In twenty-three years of marriage my wife and I have owned (or been owned by) five cats, quintessential Brooklyn pets draped over sofas and coffee tables, masters of the plaintive mew and the food-bowl stare. Four of the five have had “socks,” white fur along the fore and hind paws, contrasting handsomely, in our nonbiased opinions, with patches of gray and calico. As Richard Wrangham’s The Goodness Paradox: The Strange Relationship Between Virtue and Violence In Human Evolution explores in rich detail, these sock feet aren’t mere decoration but rather a signature of an ornate domestication process, one with profound implications for Homo Sapiens. To understand our humanity, Wrangham suggests, we can look to cats and dogs — and even foxes — for answers.
The Goodness Paradox is a tale of two books. A Harvard professor of biological anthropology, a primatologist, and the recipient of a MacArthur “genius” grant, Wrangham brings sterling credentials to a novel if plodding quest. The first half is maddeningly repetitive and often textbook-dull; Wrangham can’t quite shed the tweeds and lecterns of academia. He neglects to shore up his arguments with genetic data. But as its pieces jigsaw into place, The Goodness Paradox picks up velocity, its themes emerging with force and clarity.

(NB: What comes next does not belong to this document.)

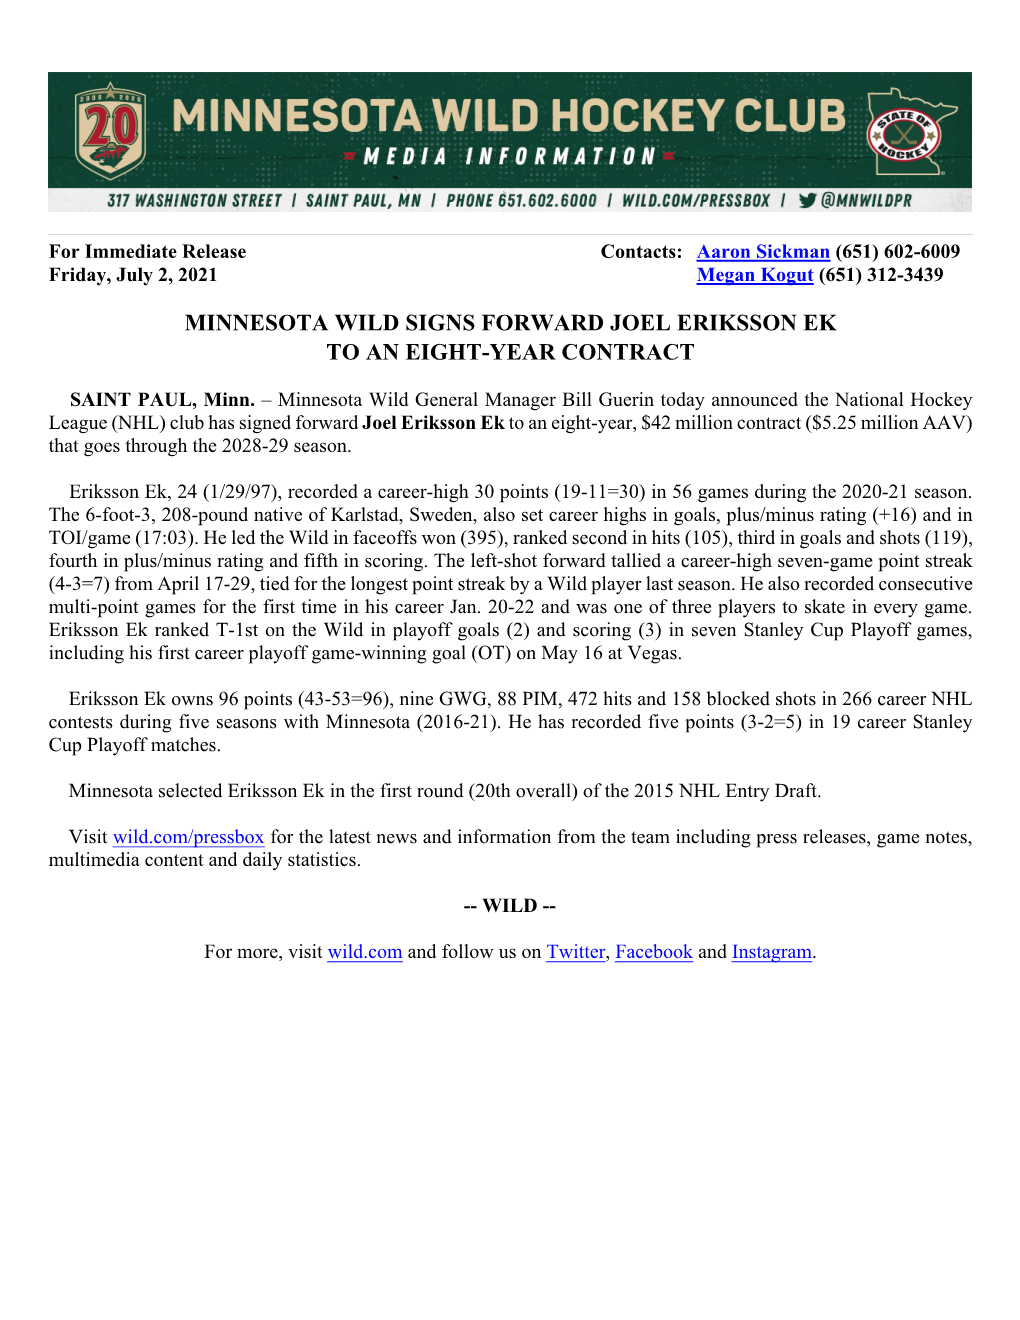 Minnesota Wild Signs Forward Joel Erisson Ek to an Eight-Year Contract

His introduction poses twinned questions: “If we evolved to be good, why are also so vile? Or if we evolved to be wicked, how come can we also be so benign?” A few pages later he lays out the terms on which he’ll build his investigation: “humans are positively dualistic with respect to aggression. We are low on the scale of one type (reactive aggression), and high on the other (proactive aggression). Reactive aggression is the ‘hot’ type, such as losing one’s temper and lashing out. Proactive aggression is ‘cold,’ planned and deliberate . . . we practice exceptionally low levels in our day-to-day lives, yet we achieve exceptionally high rates of death in our wars. That discrepancy is the goodness paradox.”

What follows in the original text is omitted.